The letter did not astonish him but it made him very uncomfortable. He was a person of amiable disposition and he felt that it would be unkind to wholly neglect so pitiful and just an appeal. Yet to address the owner of Harrenden House and Vale Royal, on such a subject was an extremely unpleasant task, one which he was not disposed for a moment to accept. To tell Solomon in all his glory that he had kept a drink and play saloon, and cheated about a placer-claim, demanded a degree of audacity which is not required by governments from those excellent public servants who sit in consular offices and in chancelleries to indite reports which are to be pigeon-holed unread, and throw oil on the troubled waters of international commerce.
He had no doubt whatever that the statements of the letter were true; he remembered having heard it said by some members of Congress in Washington a score of years before that the Penamunic Tin Mine had been obtained by Massarene through a chance more fortunate than honest, and nothing which anyone could have told him of the past of Blasted Blizzard would have ever found him incredulous. He knew too well on what foundations the fortunes of such men are built.
“This is very dreadful,” he said to the Vice-Consul, when the latter had read the letter. “But you see the man is a native of Haddington. I cannot admit that he should apply to us. We are clearly only here to assist American subjects. If it were a matter of a kind on which I could approach Mr. Massarene as amicus curiæ, I would do so. But on such a matter as this it would be impossible to speak to him without offence. Will you be so good as to write to the man Mathers, and tell him that our office is not the channel through which his friend—er—what is his name?—Robert Airley, can apply; tell him he should address the English Consul-General in New York.”
“Poor devils!” said the Vice-Consul, who knew well what is meant by the dreary and interminable labyrinth of official assistance and interference.
“You know Massarene very well,” he ventured to add. “Couldn’t you suggest to him——”
“Certainly not,” said his chief decidedly. “Massarene is an English subject. So is Robert Airley. So is George Mathers. We have nothing to do with any of them. They have never been naturalized. The application is entirely irregular. Return the letter and tell them to address the English Consul-General at New York.”

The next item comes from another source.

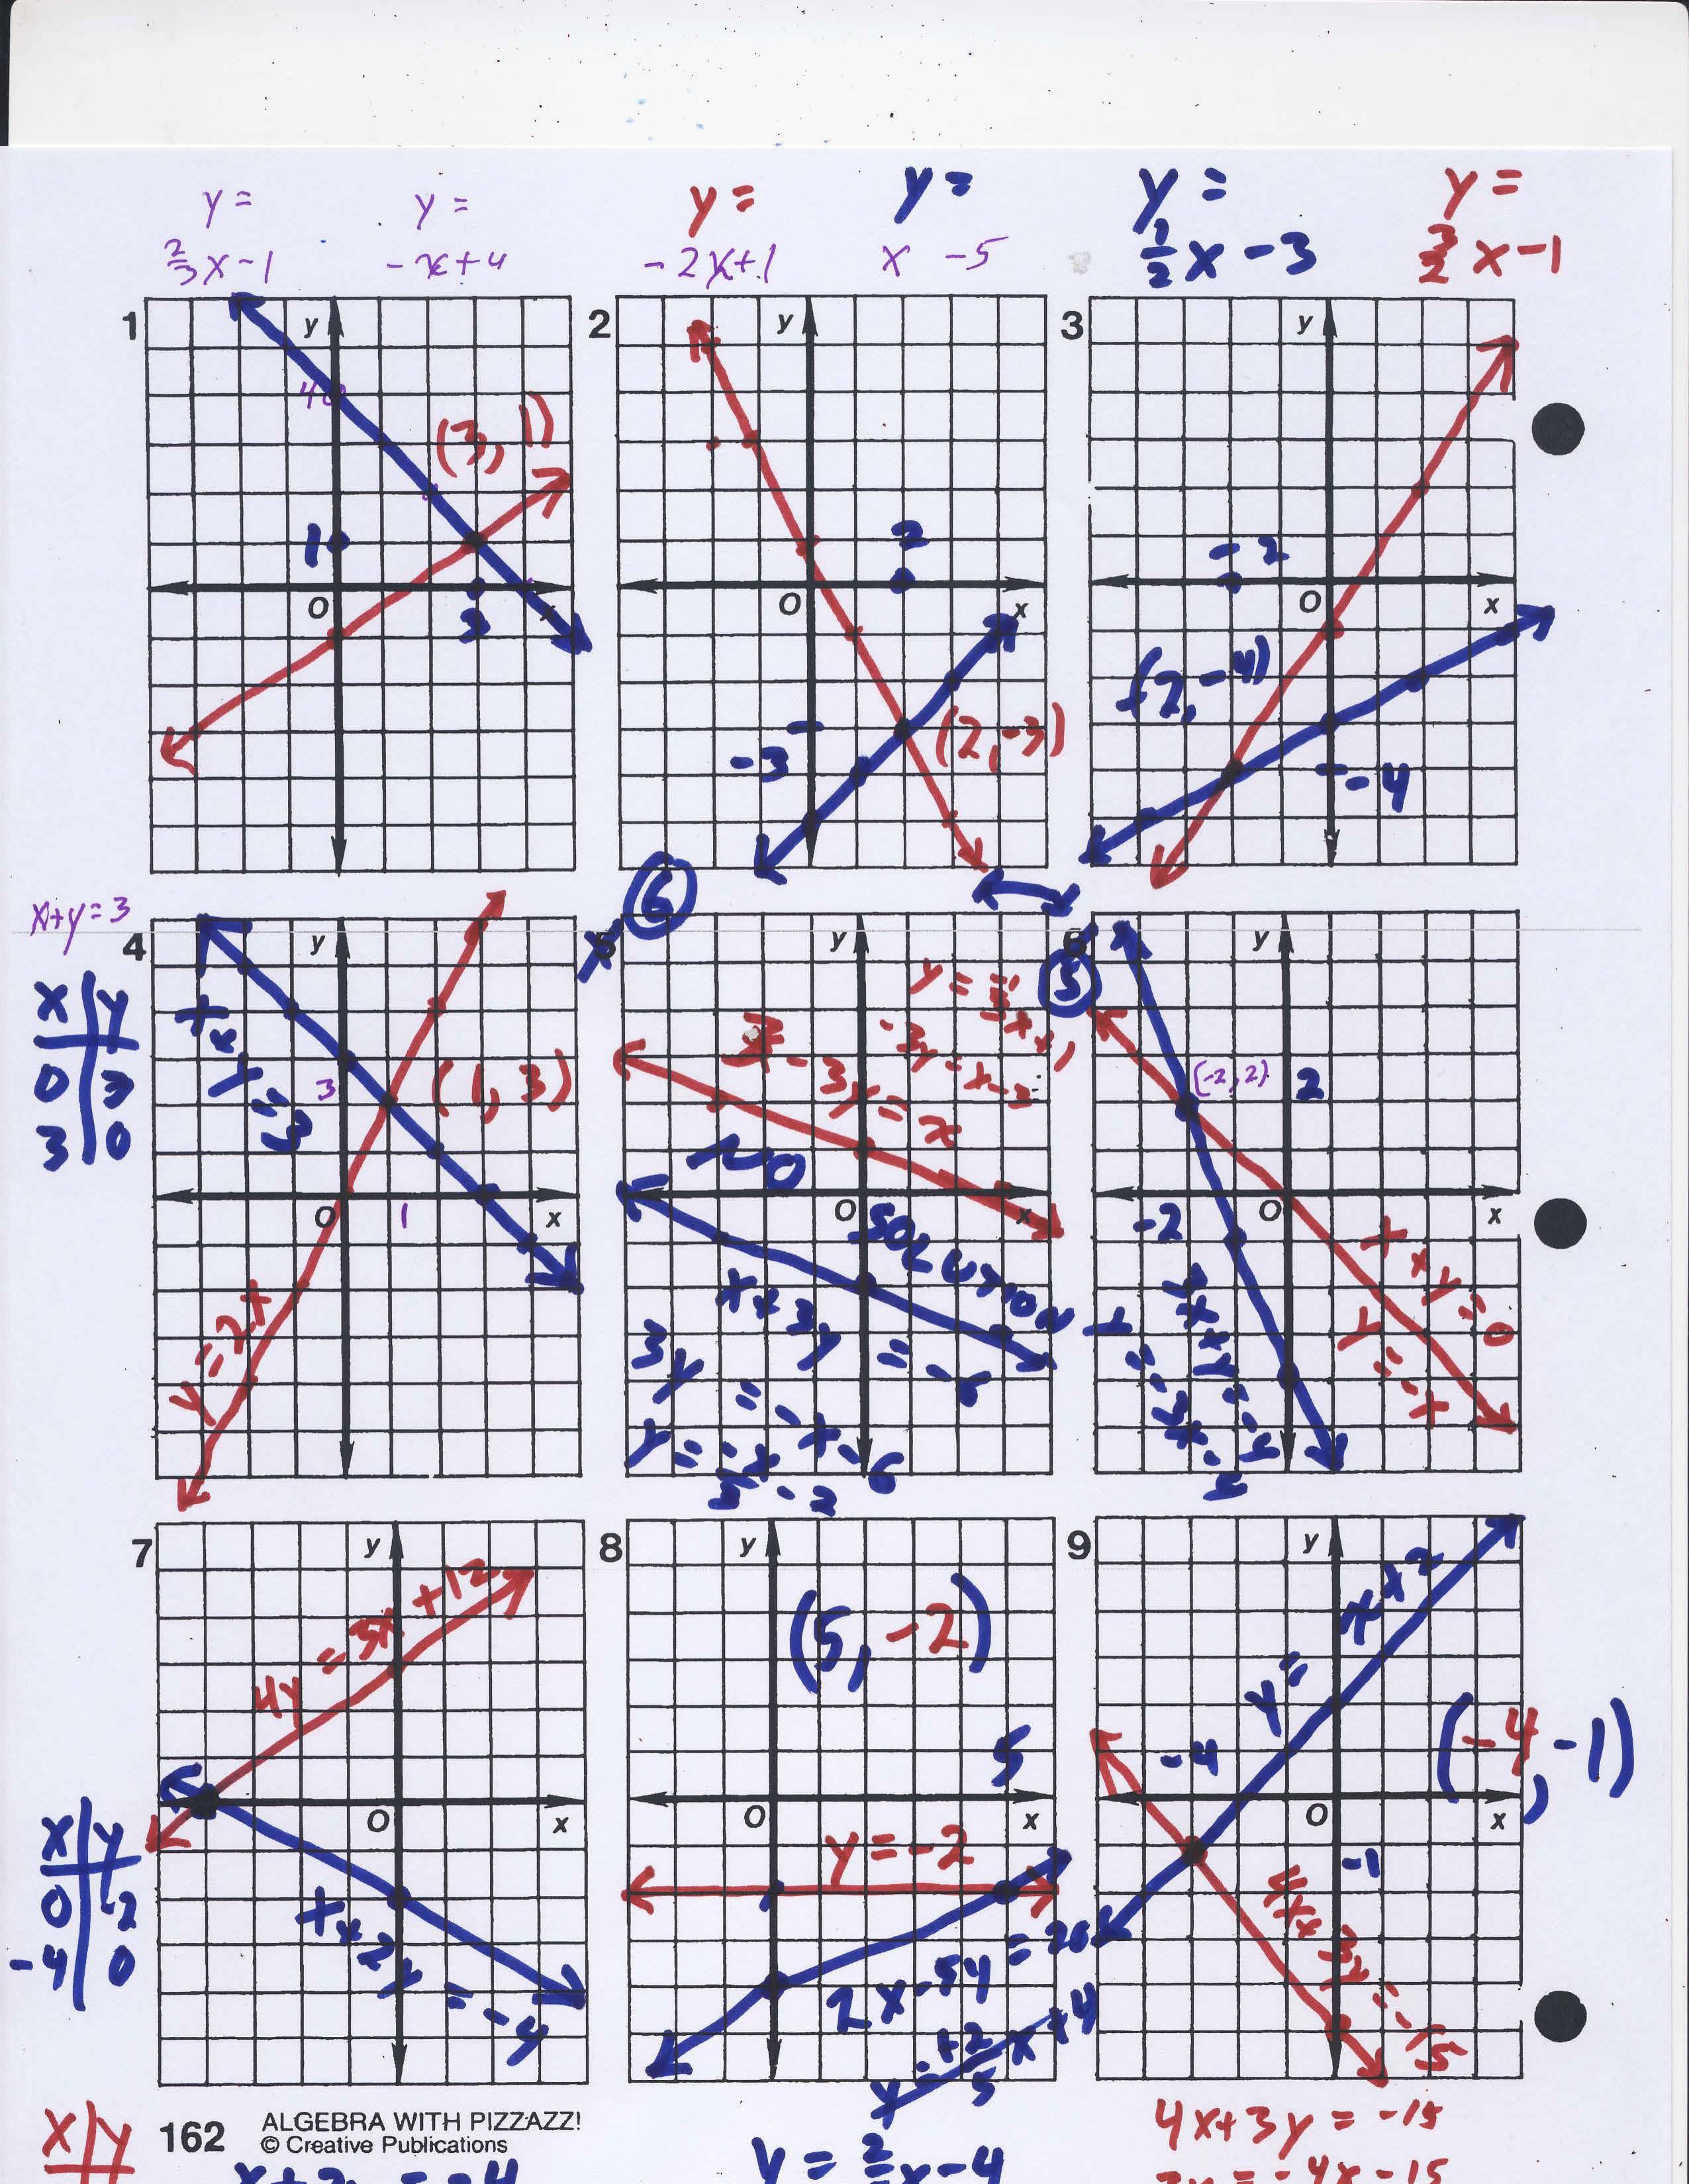 Gebhard Curt Algebra worksheets – Algebra with Pizzazz Worksheet Answers

The Vice-Consul did so; and in due time a similar letter was sent to the English Consul-General at New York by George Mathers, who added to it that the wife of Robert Airley had died a week earlier of pneumonia brought on by want of food.

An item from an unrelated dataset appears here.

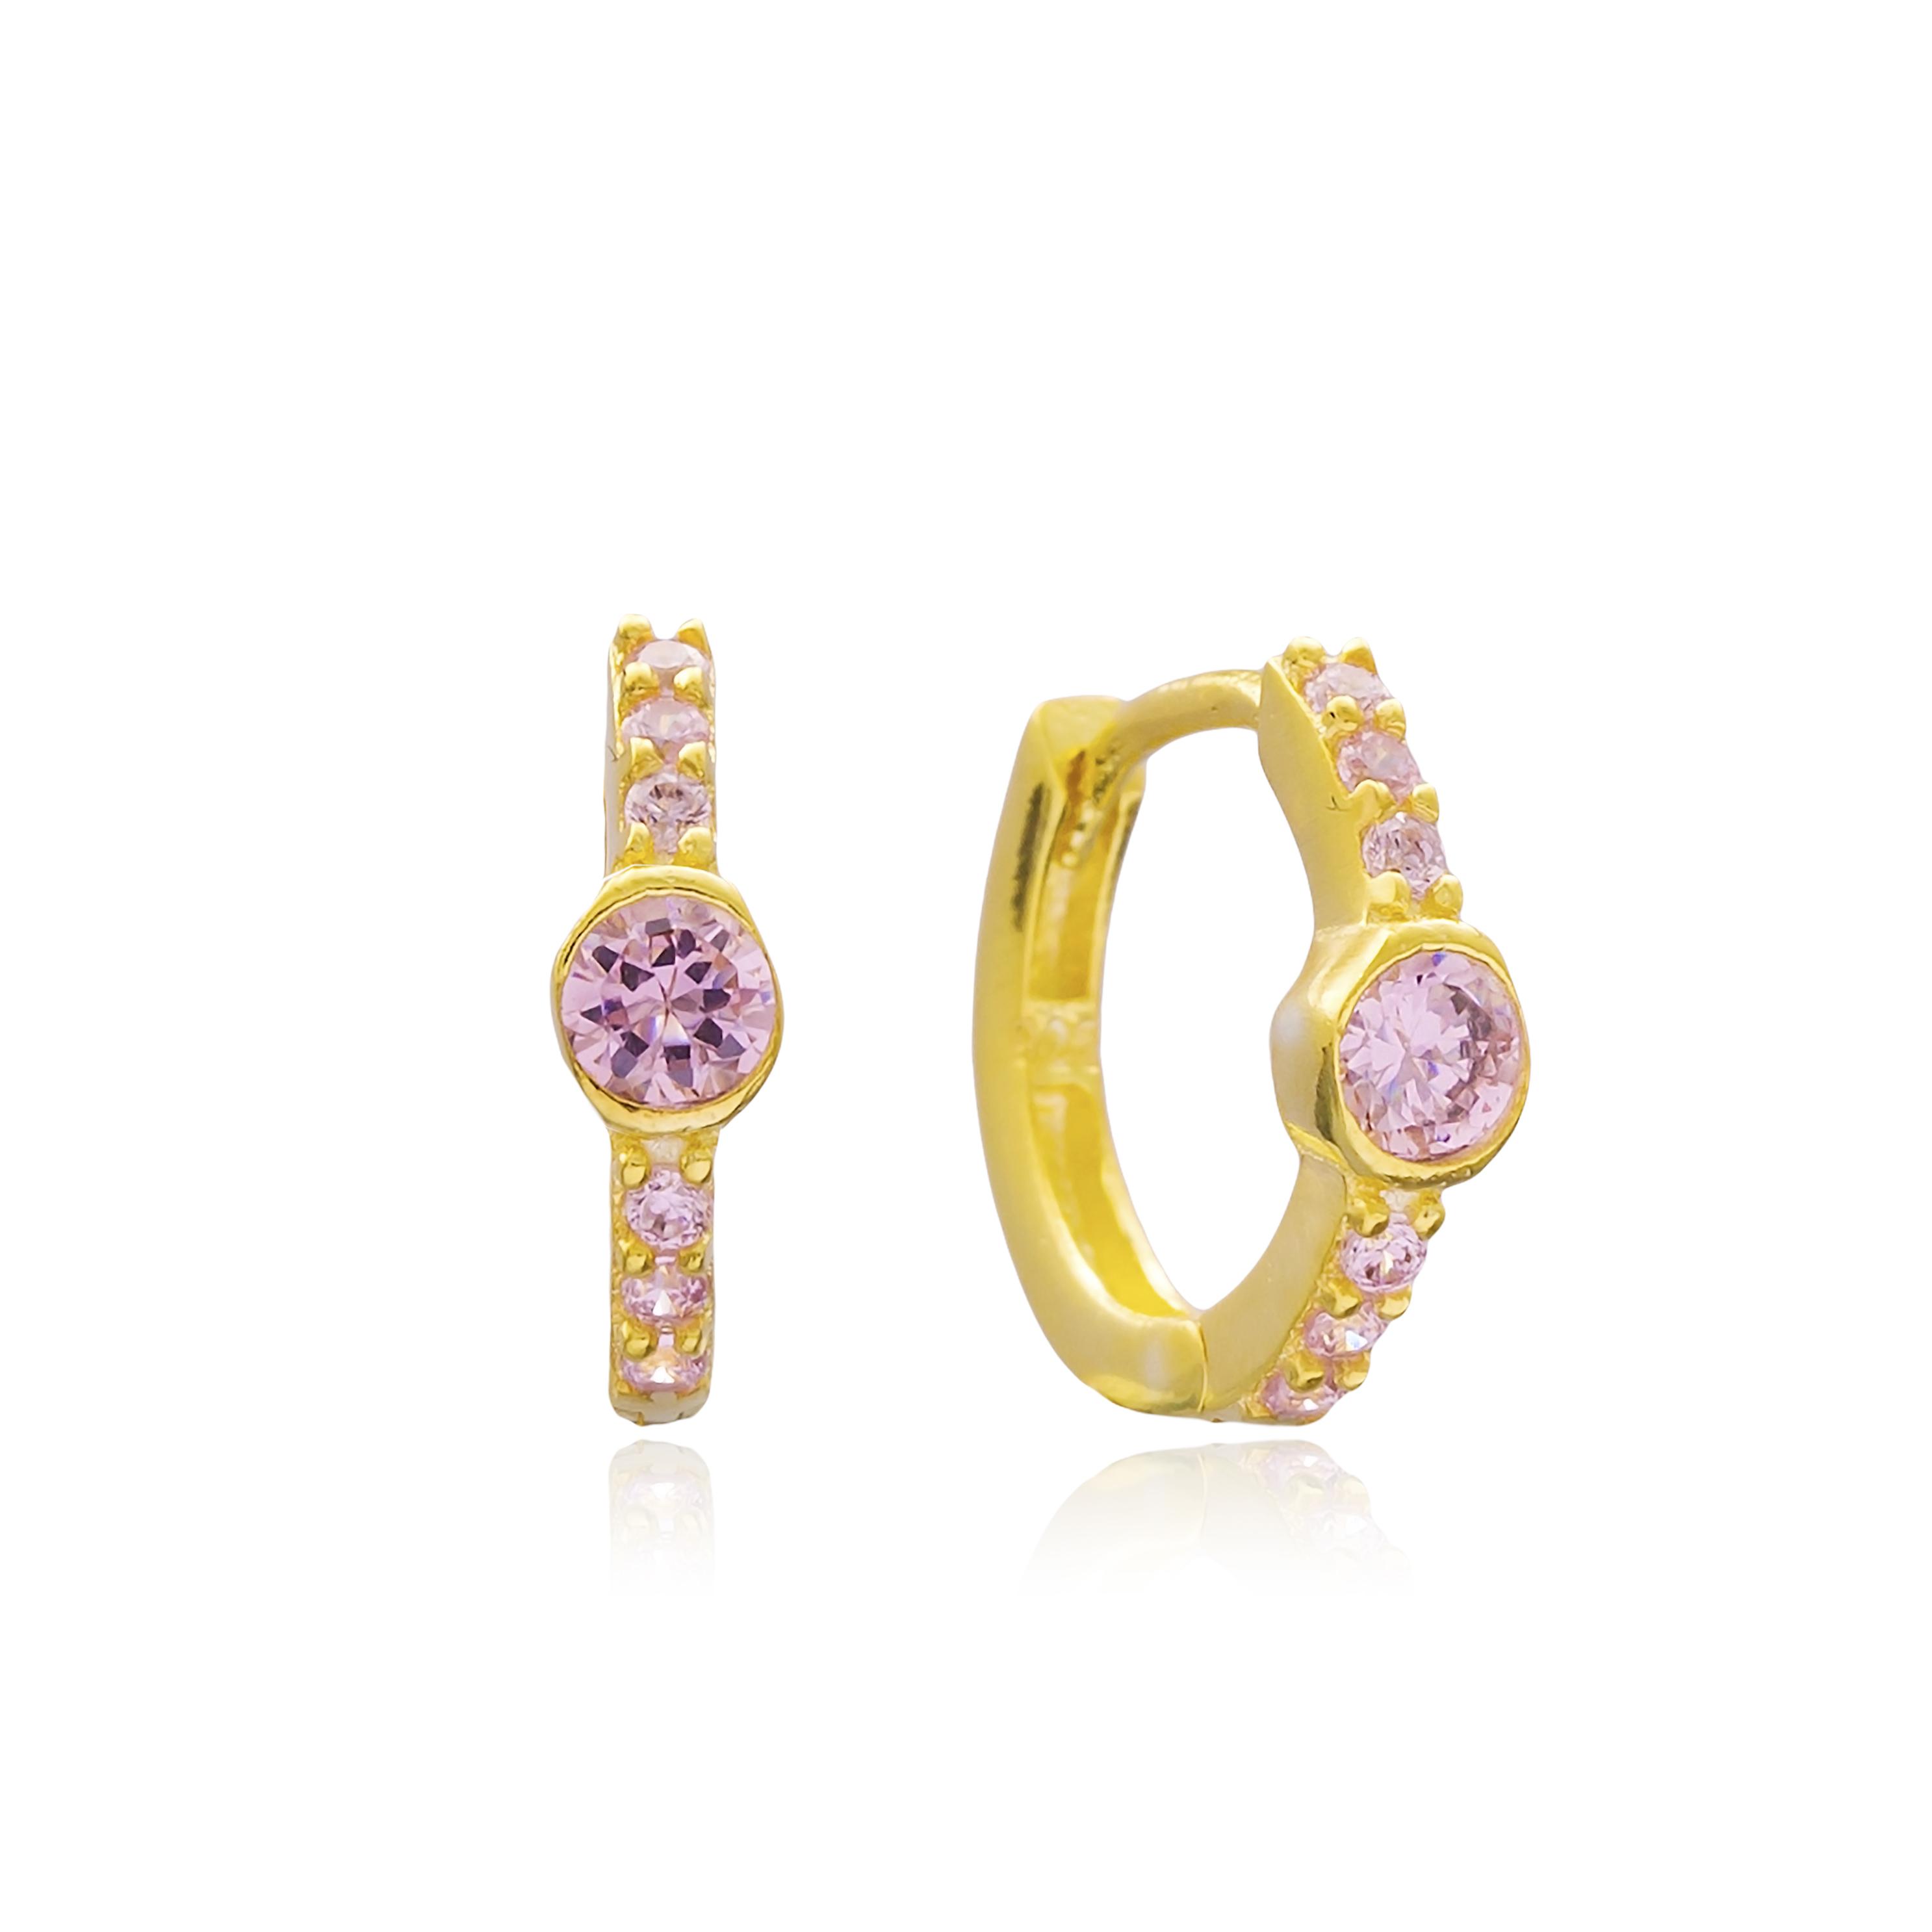 Cristina Mini Hoop Earrings Rose Gold Pink Stone

The English Consul-General returned the letter addressed to him, and informed the writer that he could not interfere between employer and employed, or in any private quarrel at any time; the matter was not within his competence.
Then the Suffolk man, who worked in the engine-house and cleaned railway lamps, wrote direct to William Massarene, London. This address was of course sufficient. The letter found its way in due course to Harrenden House and arrived there a week after the opening of Parliament, amongst many coroneted envelopes, appeals for subscriptions, and political pamphlets. It was candid, simple, ingenuous, but it was certainly not politic, and was extremely impolite. It began abruptly:—
“William Massarene, Sir—Blasted Blizzard, as we used to call yer—you’ll remember Robert Airley, though they say you figger as a swell now in Lonnon town. We’ve wrote to Consuls and They won’t do nought, so I write this for Robert to you. You bought Robert’s claim; you knew ’twas tin, yet ye niver giv ’im nought but thetty dollars. Robert has workd on yer Line twenty year if One, an’ ’e can work no More. ’Is wife she ded last Month, ’cos she were out o’ food, an’ ’is Son be ded too—rin over on yer Line. Ye’re Bound to give ’im enuff to kip ’is life in him. Not to speak o’ the placer-claim as ye took and found yer mine in it. Robert’s a ole servant on the Line, an’ ye be bound to kip life in ’im. Ye was allus close-fisted an’ main ’ard, and a Blackgud in all ways, but they ses as ’ow ye be a swell now, an’ it won’t Become ye to let a ole servant starve as was allus God-fearin’ an’ law-abidin’, an’ ’ave workt as ’ard as a ’oss, an’ never brott the tin claim agen ye, tho’ ye cheated so bad.”